# insulin weight gain



## tracy1 (Jun 8, 2021)

hi all I'm on insulin and my sugars are still unstable but the problem i have is i cant loose weight so I'm thinking of changing my diet but unsure as to what. my stomach lately balloons after eating a couple of slices of wholemeal bread i haven't had any today and its not so bad i was thinking of going on a vegetarian diet but reading into it it has increased carbs. i have raised my concerns with my DN and she is looking into something to help me loose weight which will probably mean more drugs. can anyone help me please


----------



## Inka (Jun 8, 2021)

@tracy1 Are you Type 2 on insulin? Your profile doesn’t say. If your Type has somehow disappeared, you can add it by clicking on your name at the top right of this page, then click Account Details, scroll down and choose the Type   It can make a difference to the advice you get.

To answer your question, vegetarian diets don’t have to be higher carb. You could still choose a lower carb amount and eat a vegetarian diet.

Which insulin(s) are you on and when do you take it/them? If you want to reduce the amount of carbs you eat, your insulin doses will probably need adjusting. How long have you been on insulin? When you say your sugars are unstable, how low/high do they go? How many carbs are you eating currently?


----------



## tracy1 (Jun 8, 2021)

Inka said:


> @tracy1 Are you Type 2 on insulin? Your profile doesn’t say. If your Type has somehow disappeared, you can add it by clicking on your name at the top right of this page, then click Account Details, scroll down and choose the Type   It can make a difference to the advice you get.
> 
> To answer your question, vegetarian diets don’t have to be higher carb. You could still choose a lower carb amount and eat a vegetarian diet.
> 
> Which insulin(s) are you on and when do you take it/them? If you want to reduce the amount of carbs you eat, your insulin doses will probably need adjusting. How long have you been on insulin? When you say your sugars are unstable, how low/high do they go? How many carbs are you eating currently?

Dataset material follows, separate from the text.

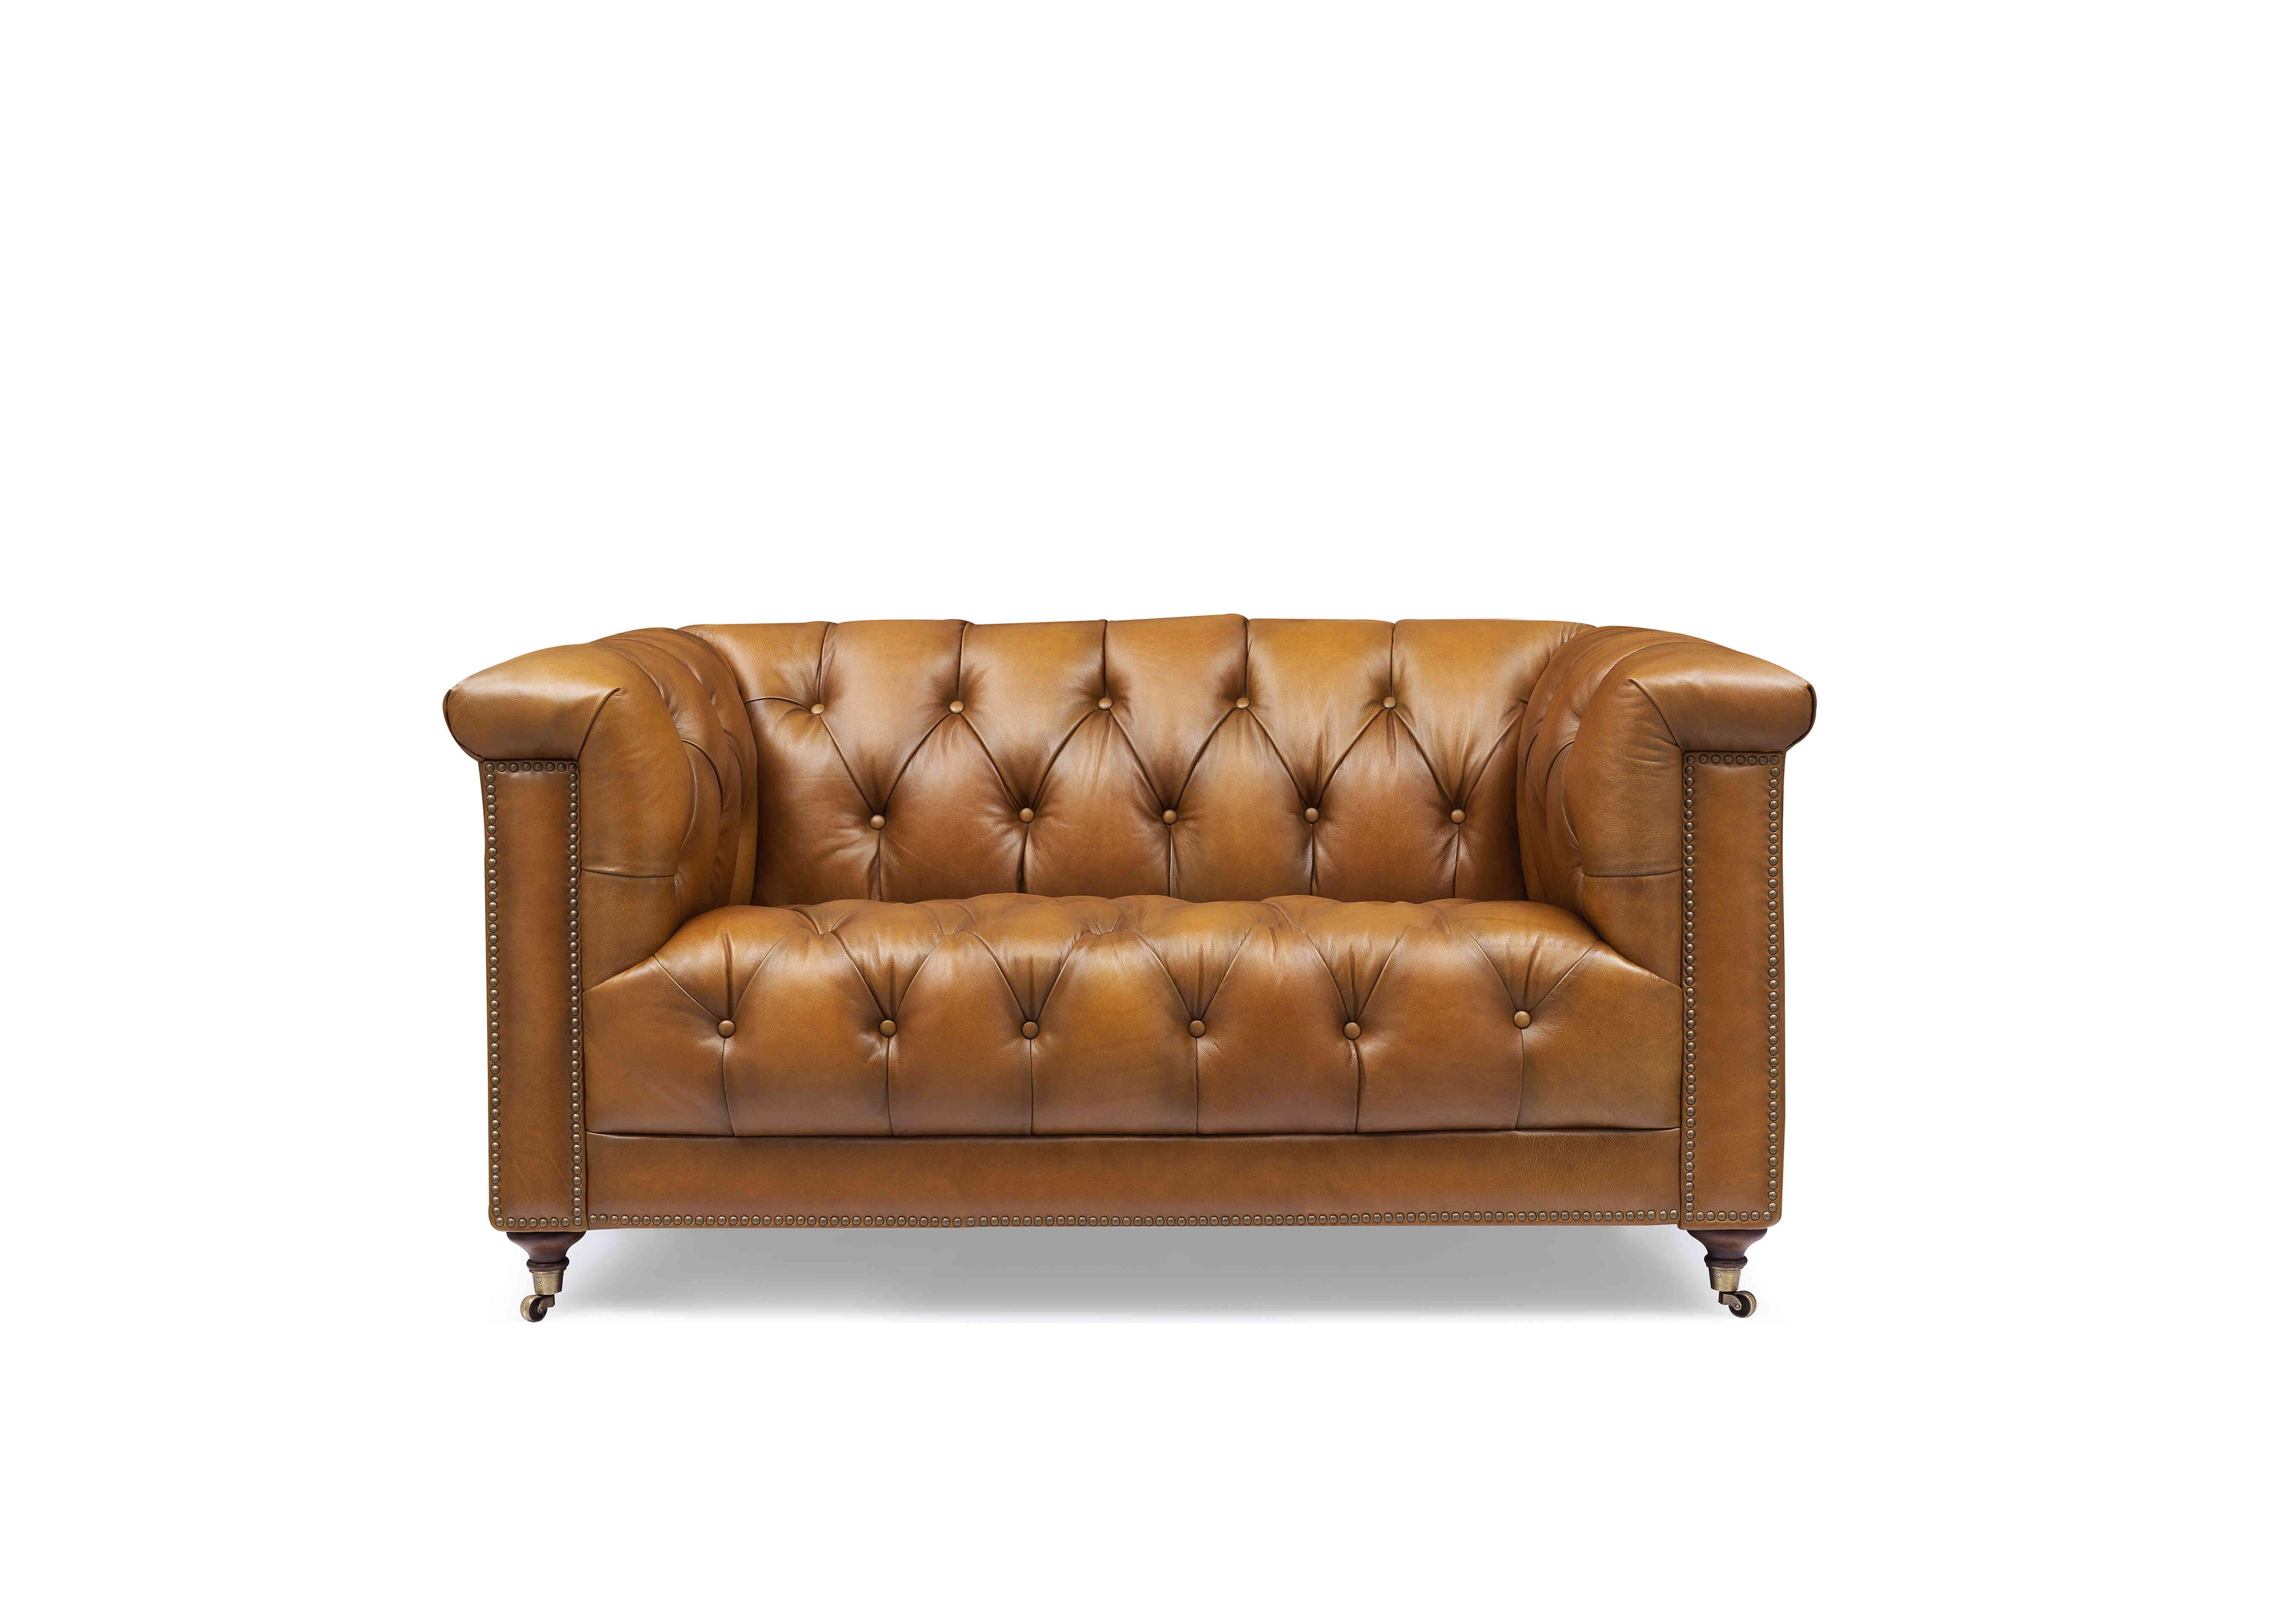 Wallace 2 Seater Leather Chesterfield Sofa with USB-C in X3y1-1957ls Inca on Furniture Village
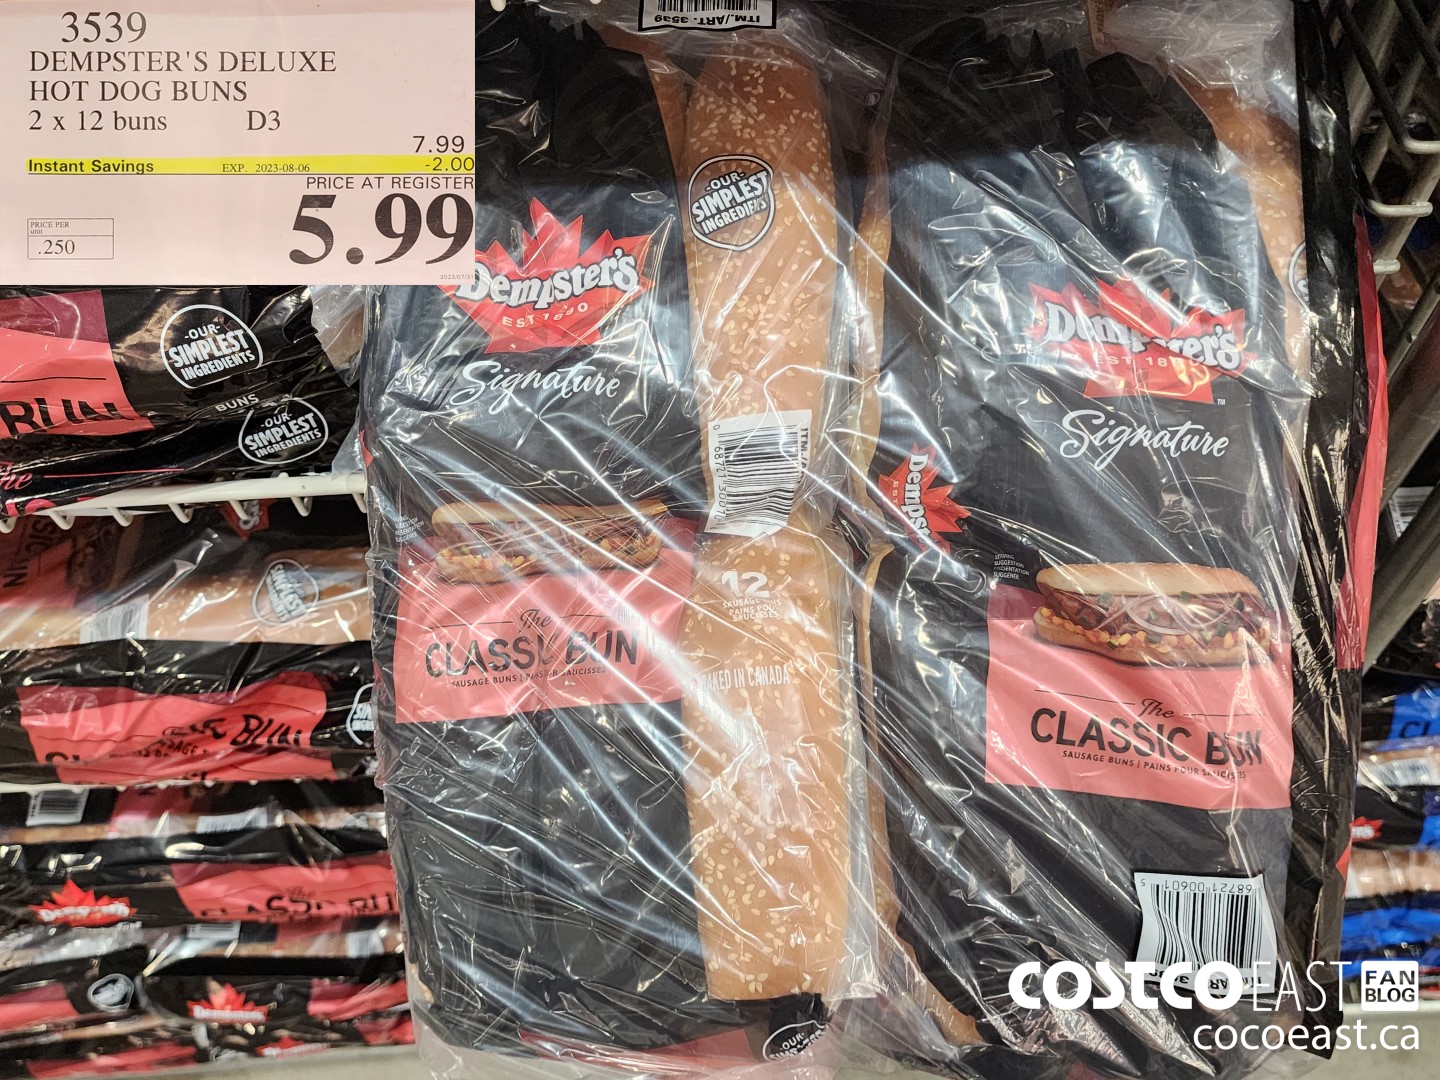 https://east.cocowest1.ca/2023/07/DEMPSTERS_DELUXE_HOT_DOG_BUNS_2_X_12_20230731_81975.jpg

I thought about low carb but it scares me I’m on insuman and novorapid morning and night


----------



## Inka (Jun 8, 2021)

tracy1 said:


> I thought about low carb but it scares me I’m on insuman and novorapid morning and night



Ok. Well, you don’t have to go low carb. I wrote “lower carb” because you mentioned a vegetarian diet being higher carb, which it doesn’t have to be. You can still eat a vegetarian diet and choose the amount of carbs that works for you as an individual.

Have you been told an amount of carbs to eat for each meal? You should have been told that if you’re on Novorapid. If you’re having to eat ‘extra’ to stop your blood sugar going low, you could see if your diabetes nurse can help you gradually reduce your Novorapid and carbs. You could also maybe look at using an app like MyFitnessPal that can keep count of the calories you’re eating a well because that can help too.

@Lucyr is Type 2 and on insulin and very knowledgable so I’ll tag her as she might have some good advice for you.


----------



## Lucyr (Jun 8, 2021)

Hello, sorry i probably need to ask more questions to understand what suggestions to give. What kind of blood sugars are you seeing? Do you adjust the doses of insulin or are they set by someone else? 

If bread makes you uncomfortable then that is probably not a good food for you personally, but you will be able to find what foods work for weight loss and blood sugars with some experimentation. Some find reducing carbs helps, others like me find counting calories is more effective. I was vegetarian for 21 years but currently eat some meat.


----------



## tracy1 (Jun 9, 2021)

Lucyr said:


> Hello, sorry i probably need to ask more questions to understand what suggestions to give. What kind of blood sugars are you seeing? Do you adjust the doses of insulin or are they set by someone else?
> 
> If bread makes you uncomfortable then that is probably not a good food for you personally, but you will be able to find what foods work for weight loss and blood sugars with some experimentation. Some find reducing carbs helps, others like me find counting calories is more effective. I was vegetarian for 21 years but currently eat some meat.


hi thats ok i can range from 7 to over 20. the insulin is set by my diabetic nurse. i dont know if im clasping at straws as to why im feeling like i do but there must be a reason for the weight gain. i dont think its just bread that makes me balloon cereal is having the same effect


----------



## tracy1 (Jun 9, 2021)

tracy1 said:


> hi thats ok i can range from 7 to over 20. the insulin is set by my diabetic nurse. i dont know if im clasping at straws as to why im feeling like i do but there must be a reason for the weight gain. i dont think its just bread that makes me balloon cereal is having the same effect


im on 17-22 units of insumman and 4-6 units of novorapid depending if its morning or night the higher dose of novorapid is if meal contains a lot of carbs. im currently waiting for a hospital appointment but the hospital and my dn are having a conference call to discuss me on the 22nd june then the appointment might appear then apparently they are still trying to decide if im type 1 or type 2 my hba1c has gone from 117 to 87


----------



## Inka (Jun 9, 2021)

Have you had a coeliac test? That’s one possible cause of bloating. Anyone can get it but Type 1s are at an increased risk (you said they were wondering if you’re Type 1).


----------



## Lucyr (Jun 9, 2021)

A good place to start then could be keeping a track of your weight and finding out what calories and carbs you’re eating now, to check if this is okay or if things are adding up to more than you expect, and to spot any patterns with food/weight/blood sugar.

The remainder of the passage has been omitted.